Das Auswärtige Amt in Berlin riet von nicht unbedingt erforderlichen Reisen nach Tunesien ab. Bundeskanzlerin Angela Merkel (CDU) zeigte sich besorgt über die Lage und mahnte eine friedliche Beilegung der sozialen Unruhen an. Die EU-Kommission dringt ebenfalls auf einen friedlichen Wandel in dem Mittelmeerland. „Wir mahnen alle Parteien, Zurückhaltung zu zeigen und Ruhe zu bewahren, um weitere Opfer und Gewalt zu vermeiden“, erklärte die EU-Außenbeauftragte Catherine Ashton am Freitagabend in Brüssel. Der Schlüssel für die weitere Entwicklung sei der Dialog.

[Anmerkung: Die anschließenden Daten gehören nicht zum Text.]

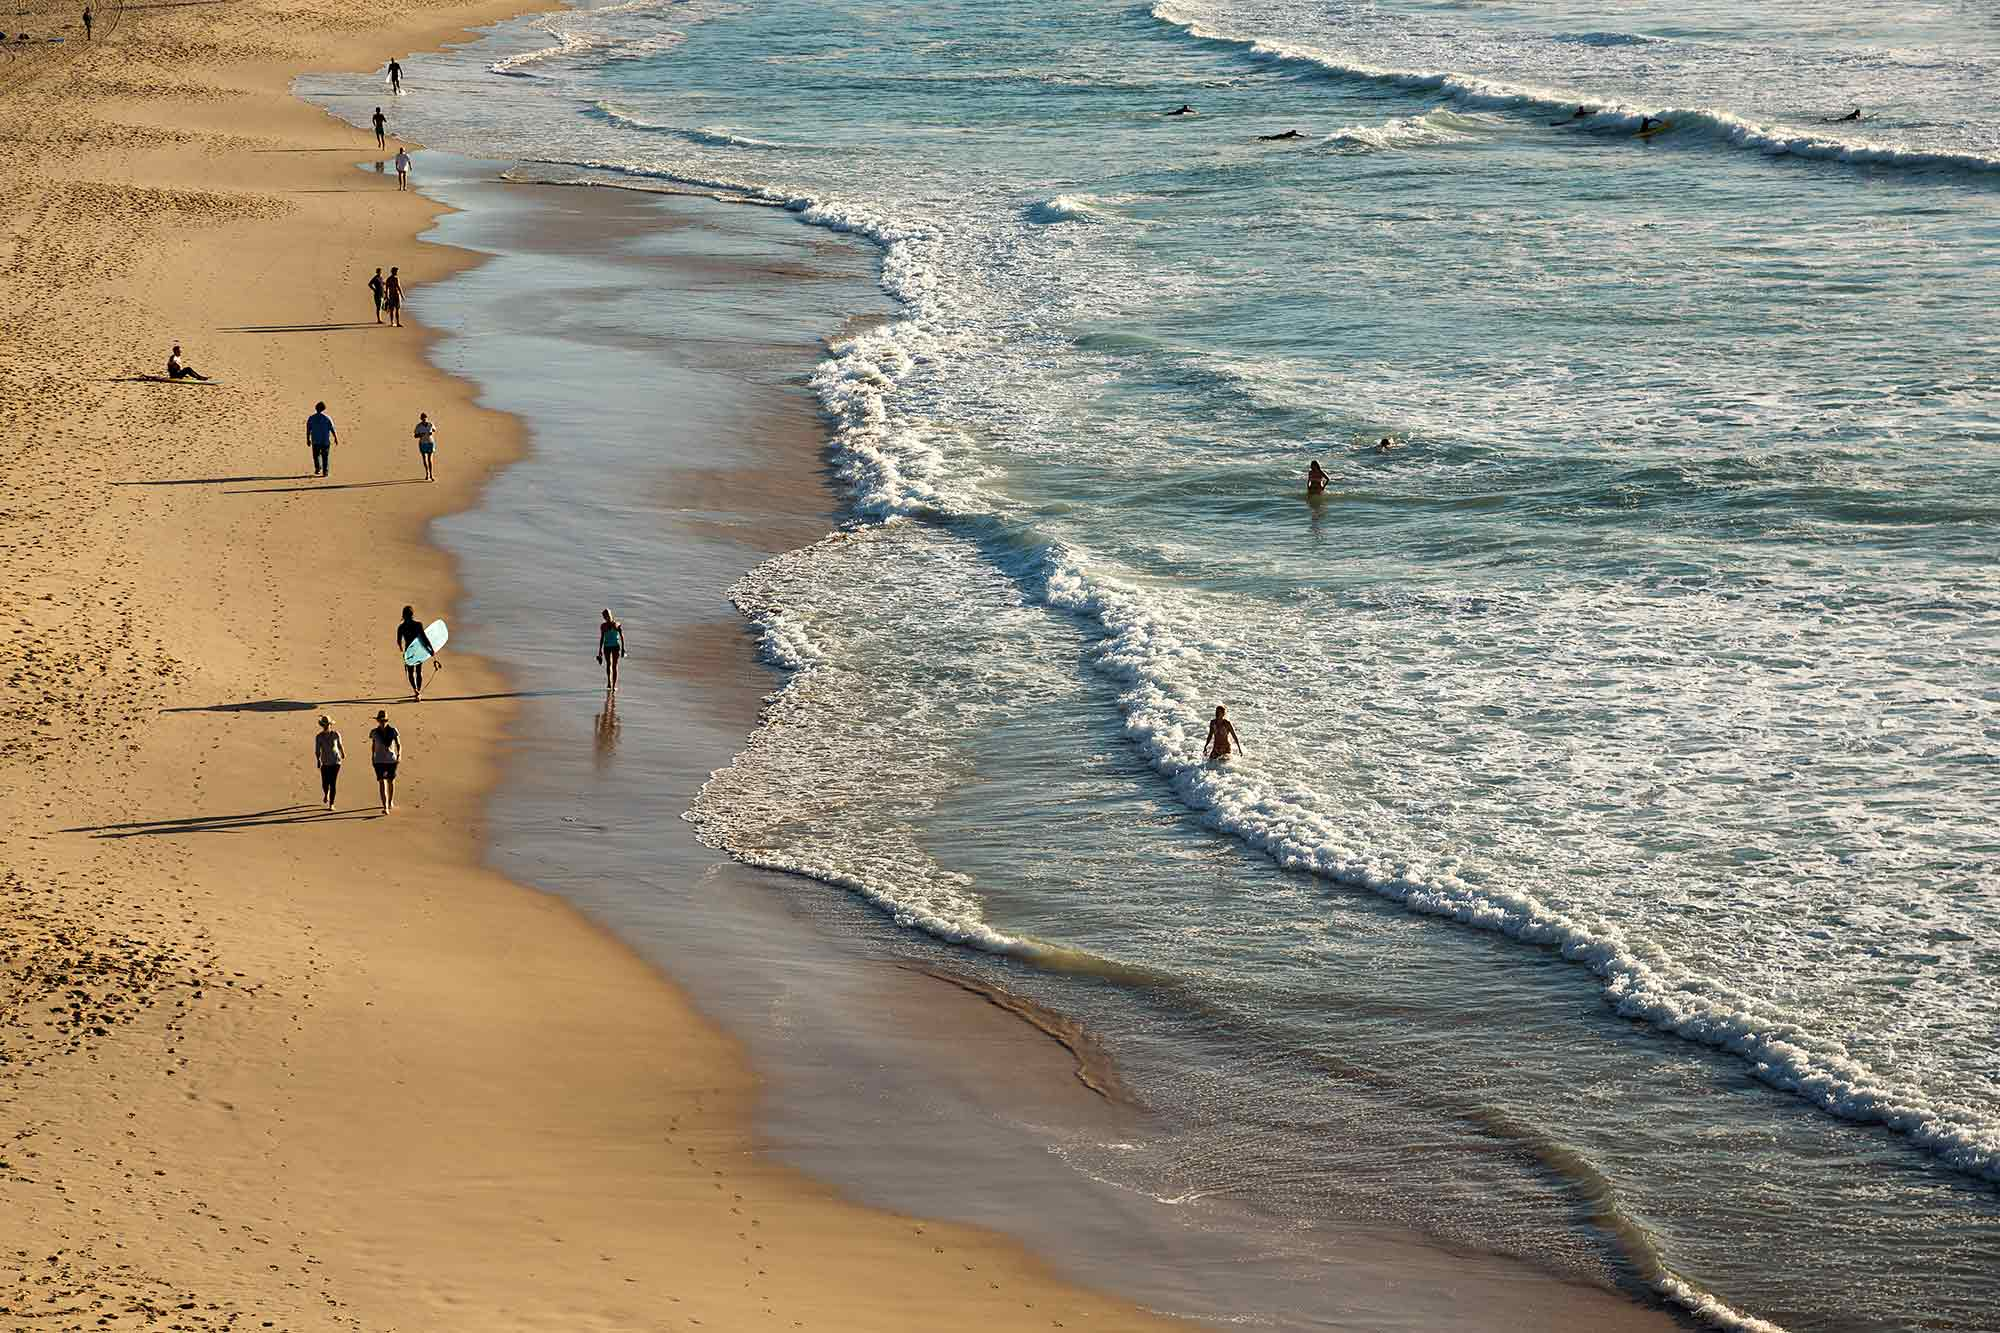 Sydney Coastal Walk: Bondi Beach. © Ulli Maier & Nisa Maier
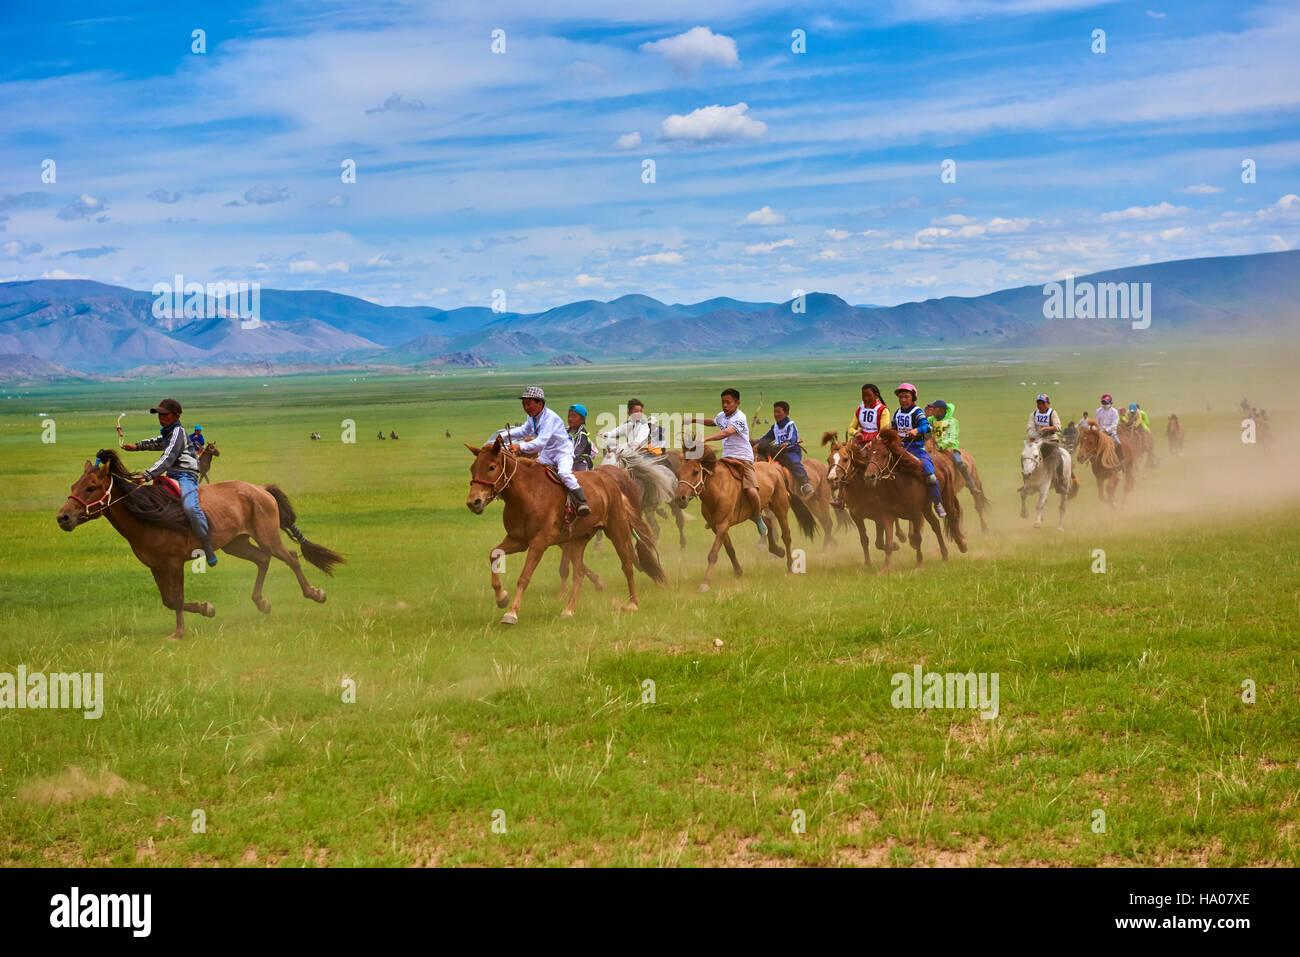 Mongolei, Bayankhongor Provinz, Naadam, traditionelle Festivals, Pferderennen Stockbild

Auch die USA riefen alle Seiten zur Zurückhaltung auf. Die tunesische Regierung müsse „in diesem Moment des bedeutenden Wandels“ das Recht ihres Volkes respektieren, sich friedlich zu versammeln und seine Ansichten zu äußern, erklärte US-Außenministerin Hillary Clinton. Die Vereinigten Staaten verfolgten die rapiden Entwicklungen ganz genau, so die Außenministerin. Sie rief zu freien und fairen Wahlen in naher Zukunft sowie zu Reformen auf.